Neurodegenerative diseases, including Alzheimer’s disease (AD), Parkinson disease (PD) and multiple sclerosis (MS) (Chaudhuri 2013), represent a significant challenge to national and global healthcare systems and the individuals affected (Livingston et al. 2020, Deuschl et al. 2020). The incidence of neurodegenerative disorders is expected to multiply over the next decades (Nichols et al. 2022, Huang et al. 2023). Estimates include an increase from 57 million dementia cases globally in 2019 to 152 million cases in 2050 (Nichols et al. 2022). Such upwards trends could also be observed historically from 1990 to 2021, showing a 161% increase in the prevalence of Alzheimer’s and other dementias (resulting in a rate of 694 per 100,000 in 2021) and an 88% increase in MS prevalence (22 per 100,000 in 2021), respectively (Huang et al. 2023).

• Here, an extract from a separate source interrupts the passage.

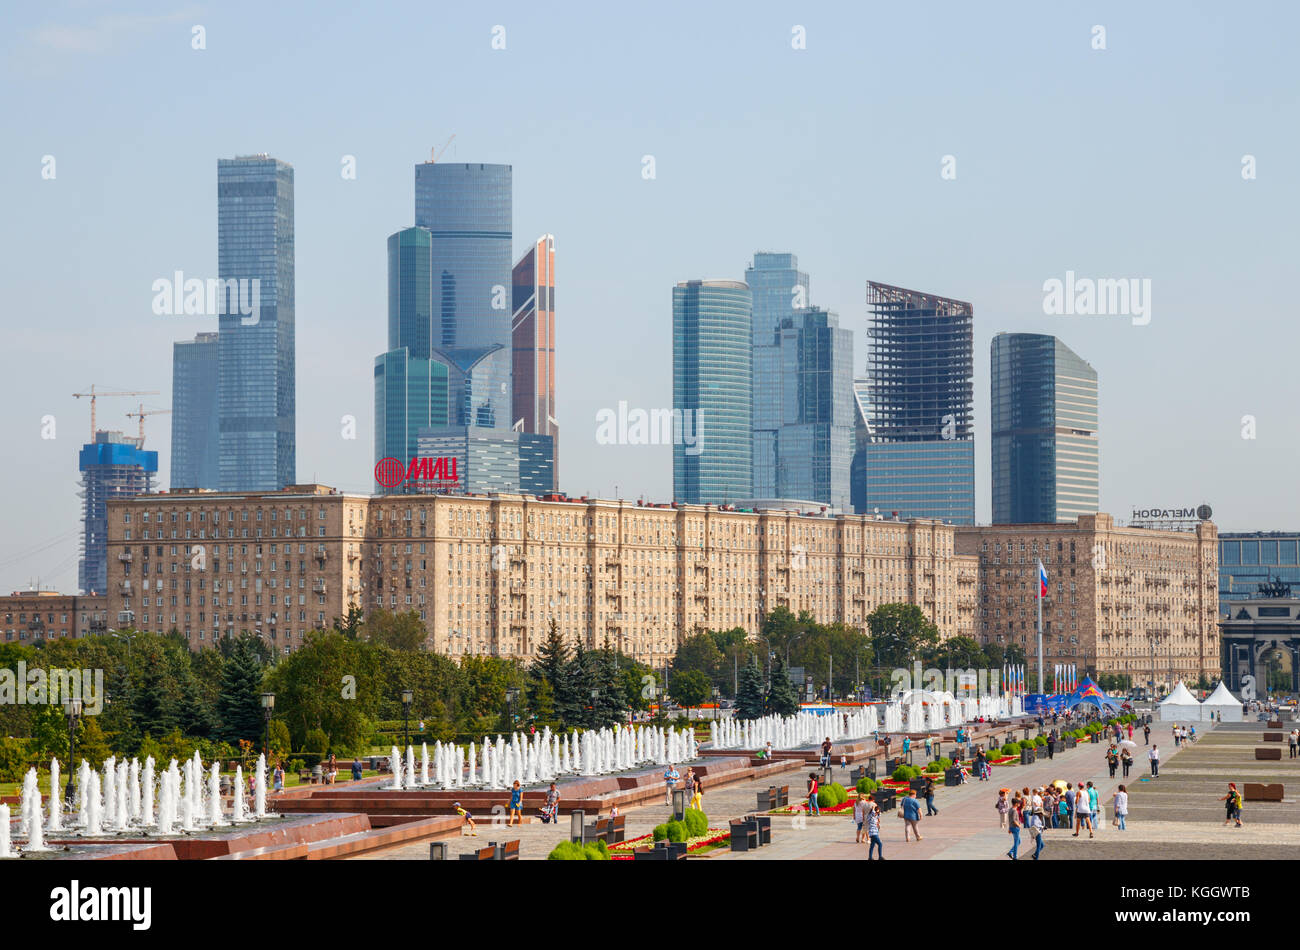 Poklonnaya Hügel, Kutusovkij Prospekt mit Wohnbauten und der Moscow International Business Center (MIBC) im Hintergrund. Moskau, Russland. Stockfoto

Neurodegenerative diseases, characterised by the progressive degeneration of the nervous system, lead to a substantial burden due to their debilitating nature and the complex care requirements they necessitate. Due to their progressive nature and problems of late-stage treatment, the outlined neurodegenerative diseases require early treatment. The main route of treatment is medication, specific to the disease subtype and adjusted according to treatment response and disease progression. Treatment outcomes are, however, challenging to measure and visualise, resulting in a lack of verified markers, partly due to the large variability in both disease trajectories as well as treatment protocols (Young et al. 2018, Mekkes et al. 2024). Inaccurate diagnoses, for example, in the case of dementia (Mekkes et al. 2024), exacerbate this problem. To establish an optimal management for this group of patients, it is hence vital to find robust imaging biomarkers allowing one to control disease progression and predict treatment success.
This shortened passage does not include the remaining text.